There’s a lot to unpack here We start by slicing our data frame. The line

salariesDatabase[salariesDatabase == “$10-30k”] returns every row that matches the option

“$10-30k”.

Perhaps the best way of searching for the answer is using regular expressions, but that could take a guide all by itself. So in the interest of keeping this guide short (and hopefully interesting), I opted out of using it.

After creating the new slice, we take the total(numeric) amount of entries for this section using Python’s built-in function len(). We’ll then assign the amount to our variable. If we print our variable, it will hold an integer with the total amount of entries for its assigned variable.

`[input] print( ten_to_thirty )`

[Output] 134

**Creating a Python Function**

We can create a python function in order to convert our number of entries into a percentage. Before creating the function lets create one more variable that holds the total amount of entries. This is going to allow us to calculate the percentage.

`total = workforfree + tenthirty + thirtyfifty + fifty_to_onehundred + one_hundred_two`

Our function needs take two parameters, the total amounts of entries as a whole, and a number of entries for the given section.

`def ConvertNumToPercent(number, total):`

"""Takes In an Integer/float, returns a float"""

percent = (number/total) * 100

return percent

It first finds the ratio of particular responses to total responses.

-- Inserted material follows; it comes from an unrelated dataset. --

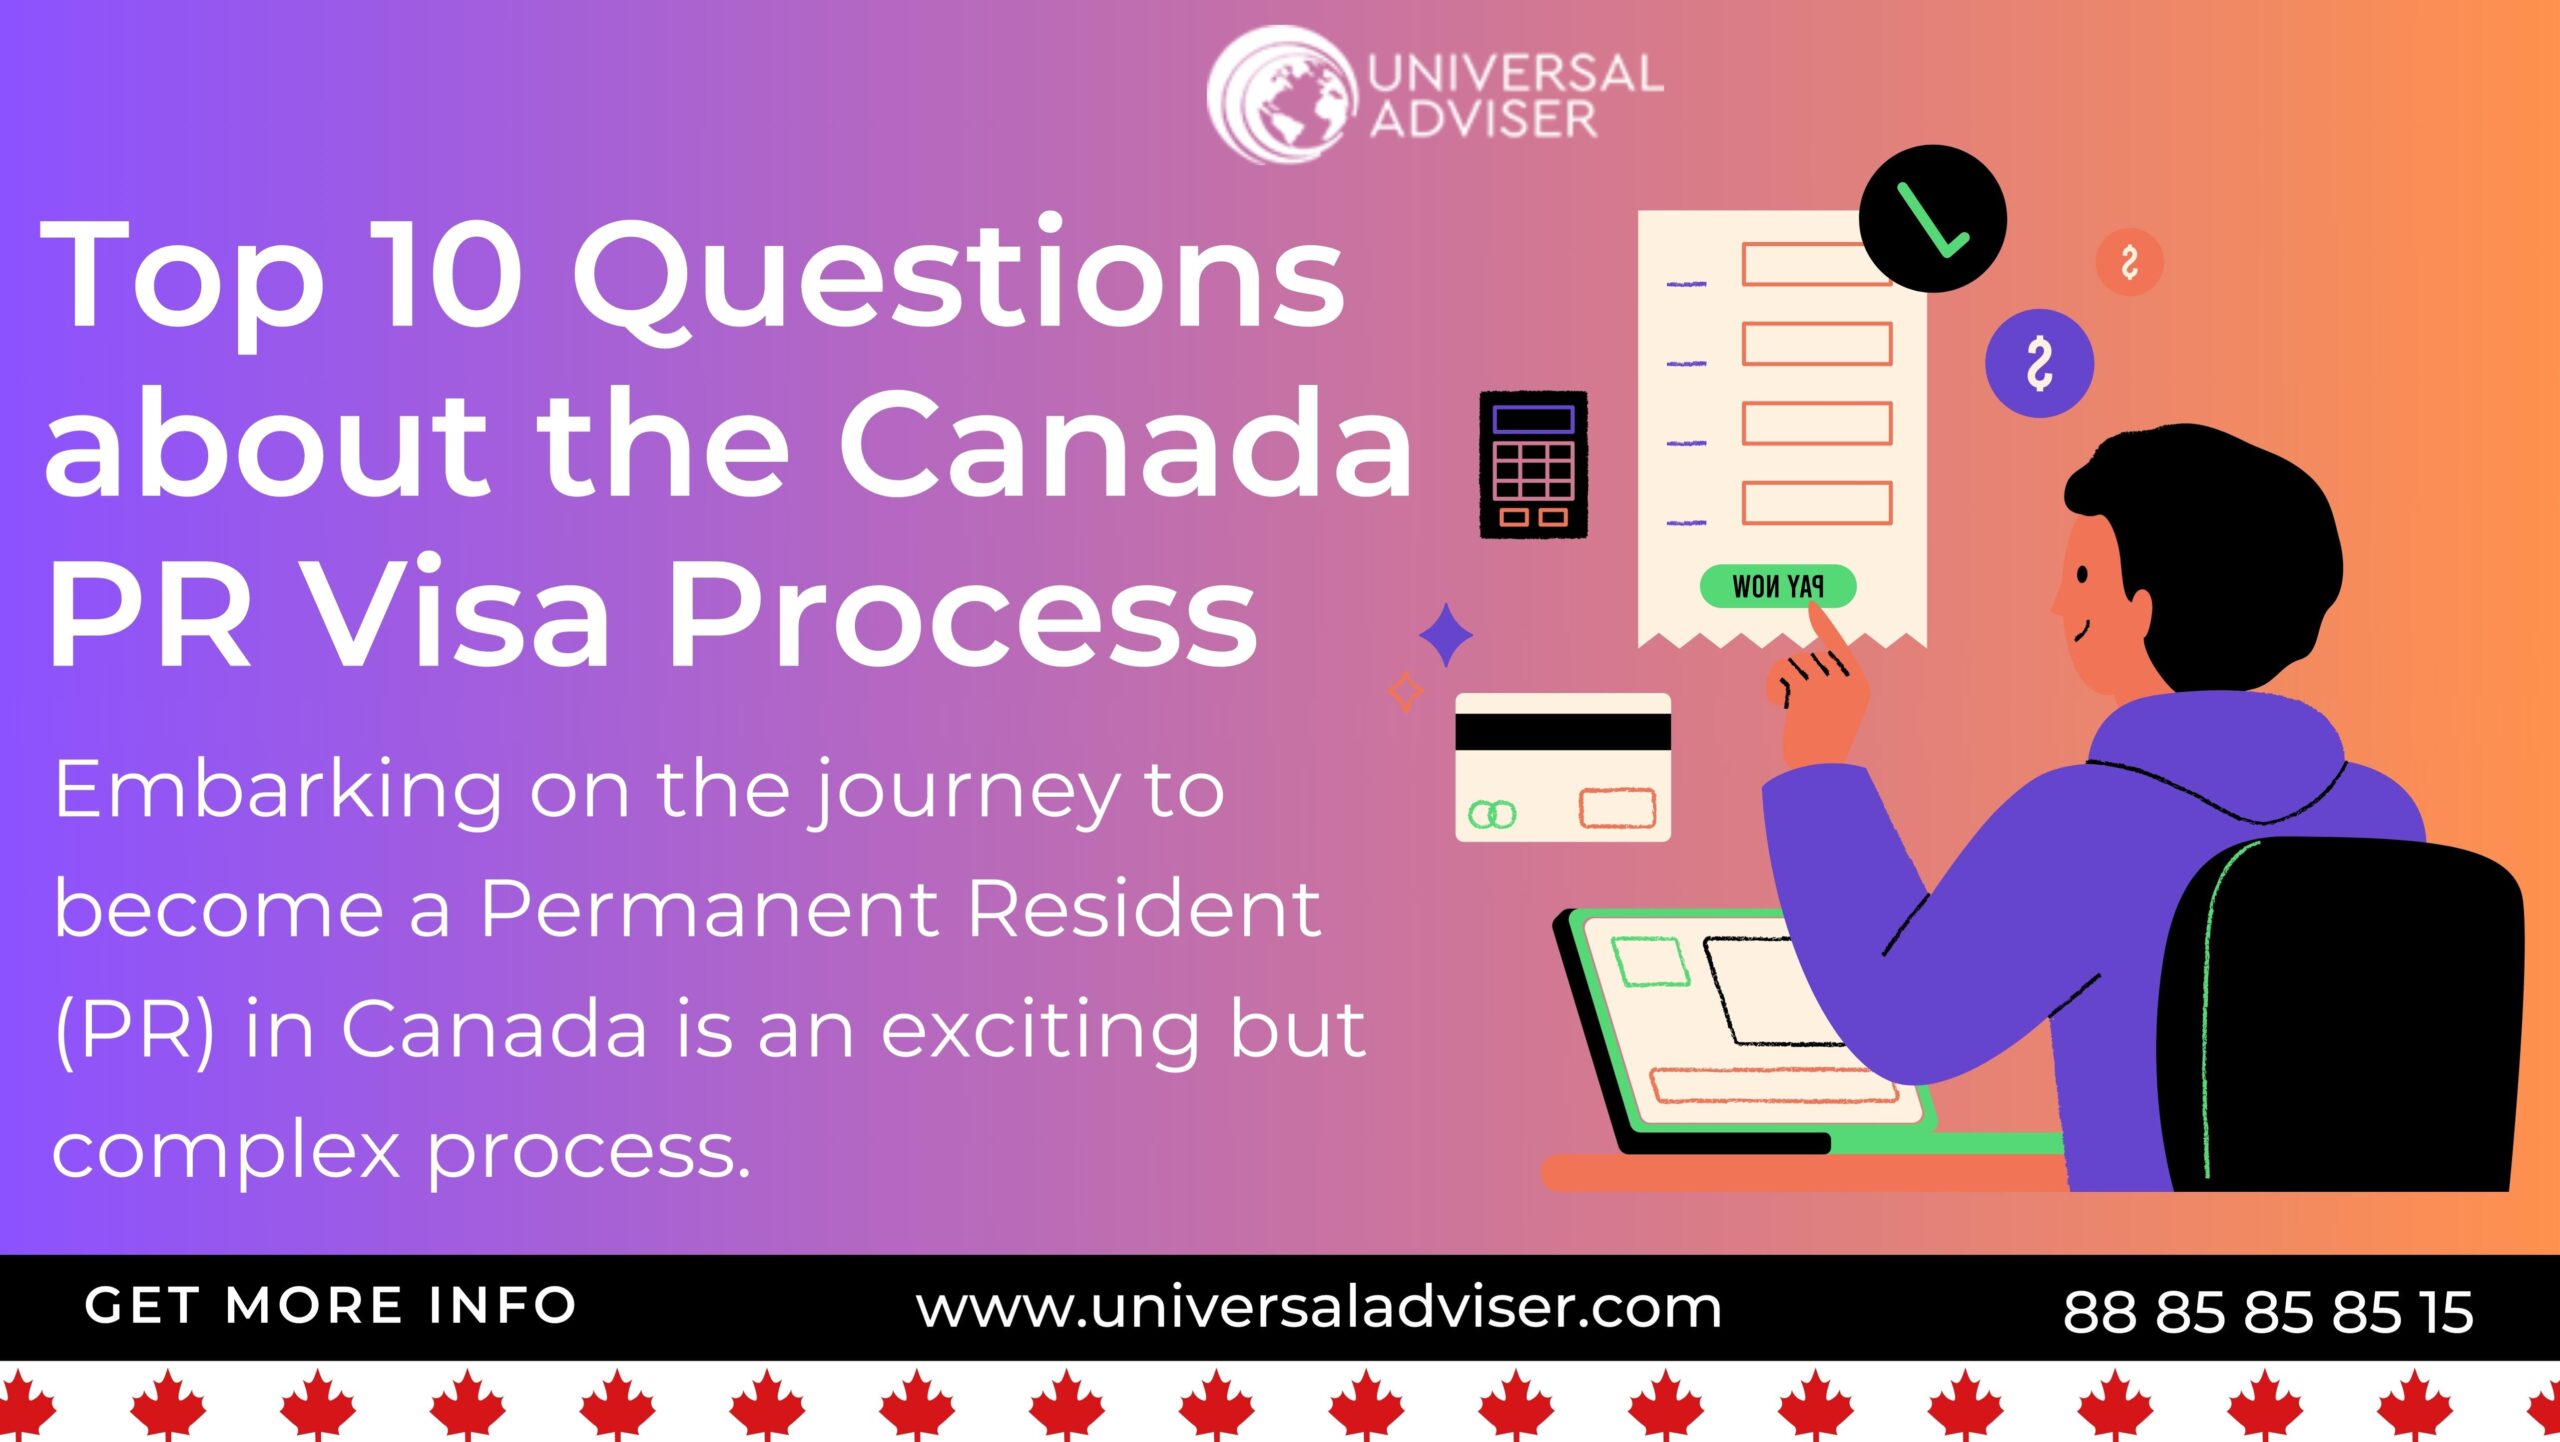 Top 10 Questions about the Canada PR Visa Process

It multiplies this ratio by 100 to convert it to a percentage and returns this result. We can use the returned result outside of the function.

Example:

`[input] random = ConvertNumToPercent(10, 20)`

print(random)

[Output] 50.00

For formatting purposes, we are going to be creating a second function

`def format_num(number, total):`

number_str = str(ConvertNumToPercent(number,total)) +"%"

return number_str

the converts our number to a string and concatenates (attaches) the “%” character after the number to clearly indicate that it’s a percentage.

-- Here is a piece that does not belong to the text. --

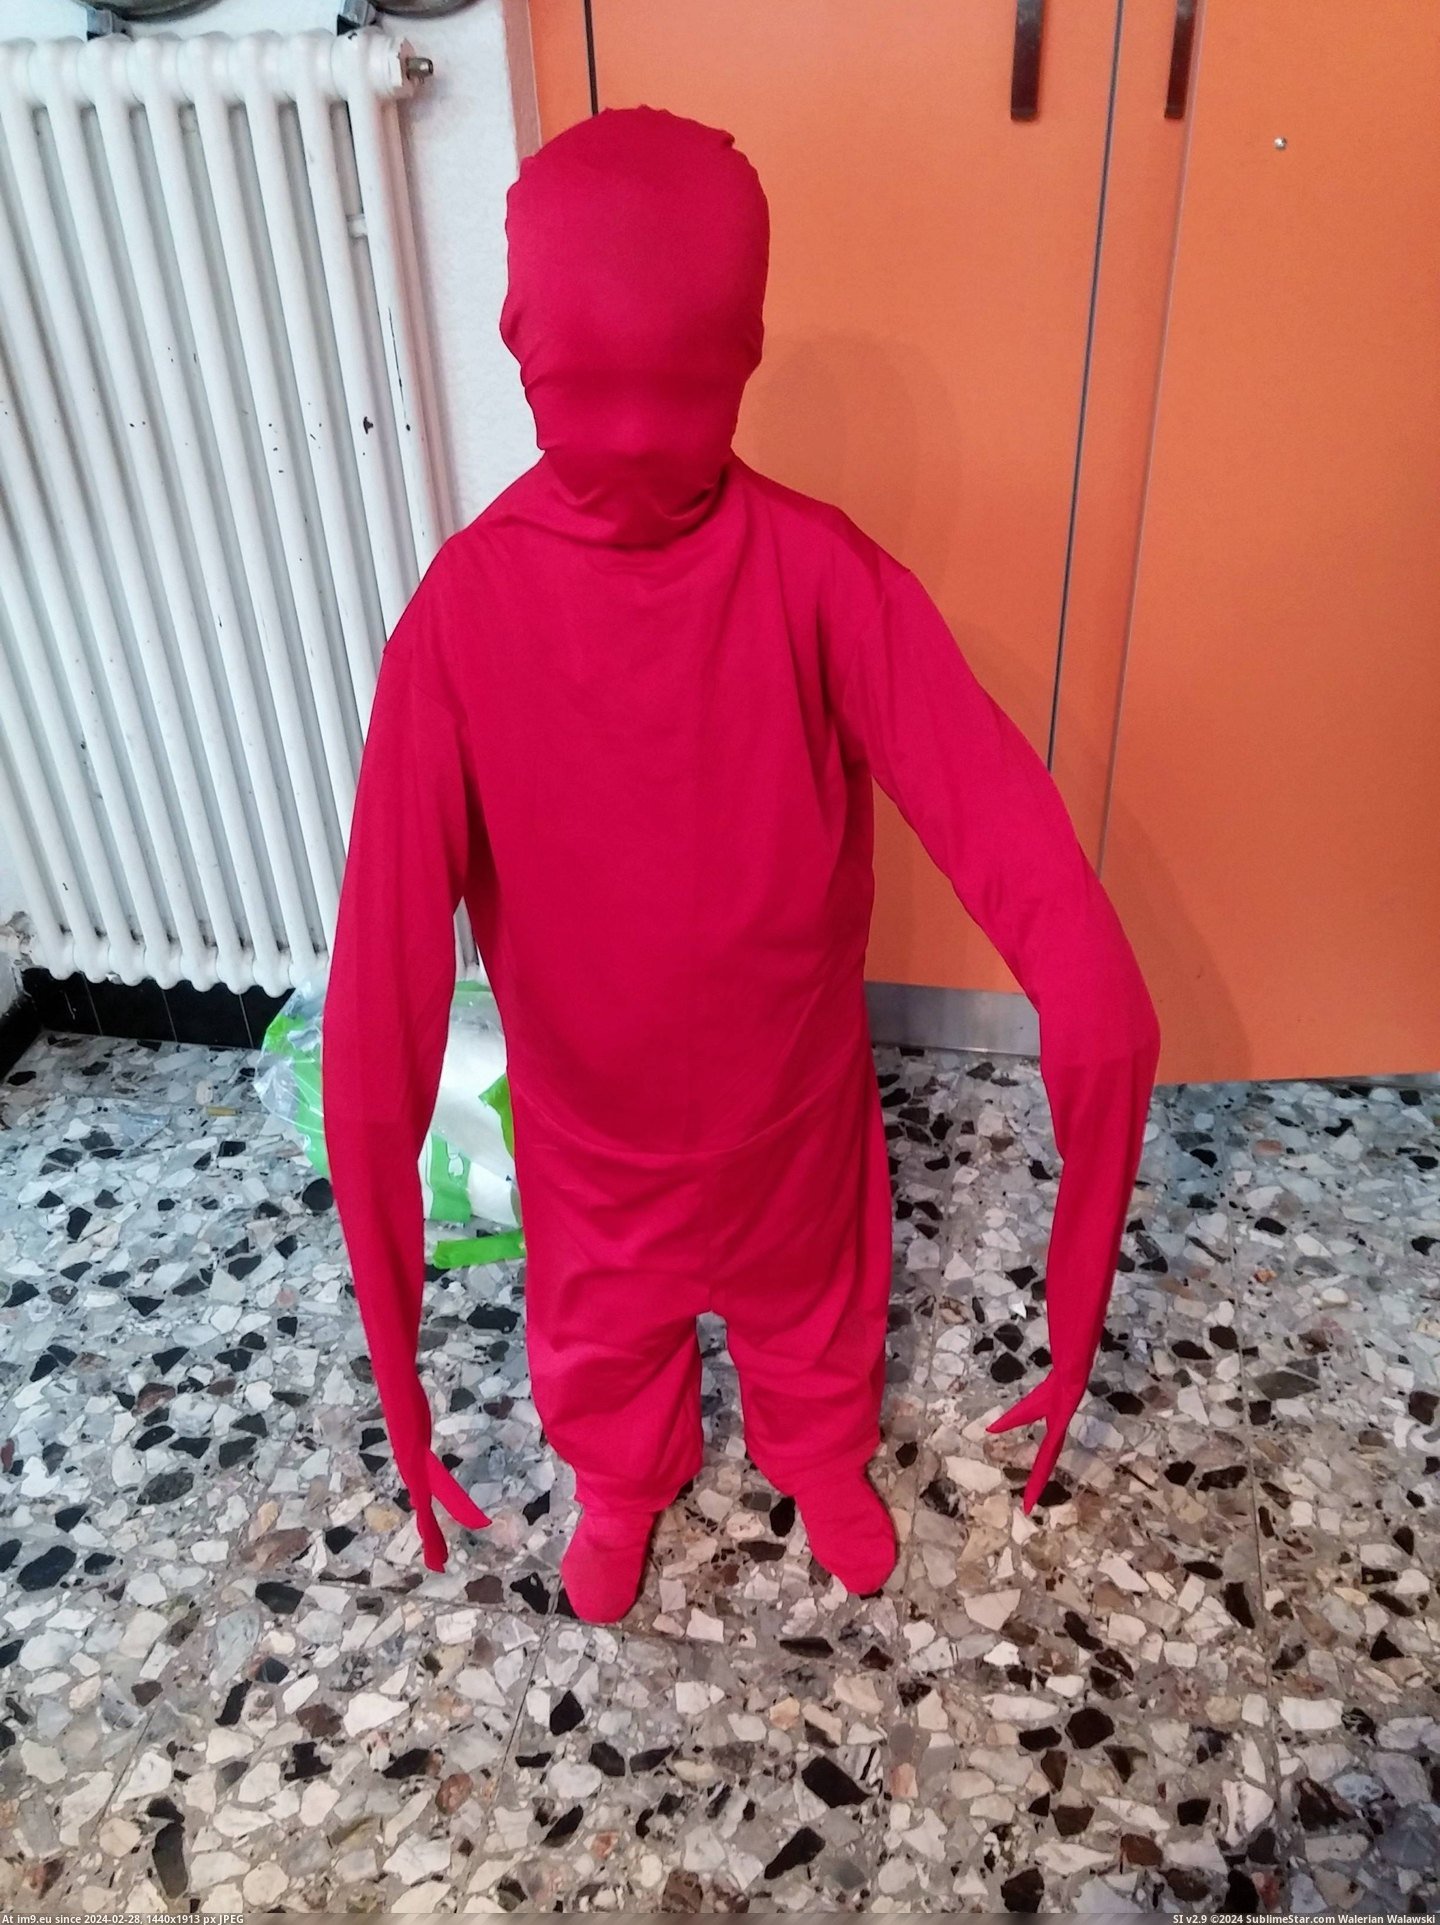 #Son #Terrifying #Morph #Suit [Pics] my son found my morph suit and it's terrifying Pic. (Obraz z album My r/PICS favs))

Notice that this function calls on our previous function in order to determine the percentages. It

then converts the number into a string using Python’s built-in method str(), concatenates the ‘%’ character, and finally returns the string as a result.

**Displaying Our Data**

We are now ready to print our data:

`choice1 = format_num(workforfree,total)`

choice2= format_num(tenthirty,total)

choice3= format_num(thirtyfifty,total)

choice4=format_num(fifty_to_onehundred,total)

choice5=format_num(one_hundred_two,total)

print(

"Distribution of Income for Java Developers\n\n"

"Free: " + choice1 +

"\n$10-$30k: "+ choice2

"\n$30-$50k: " + choice3

"\n$50-$100k: " + choice4

"\n$100-$200k: " + choice5

)

It is now clear to see the majority of the developers who took this survey earned between $50k-$100K a year.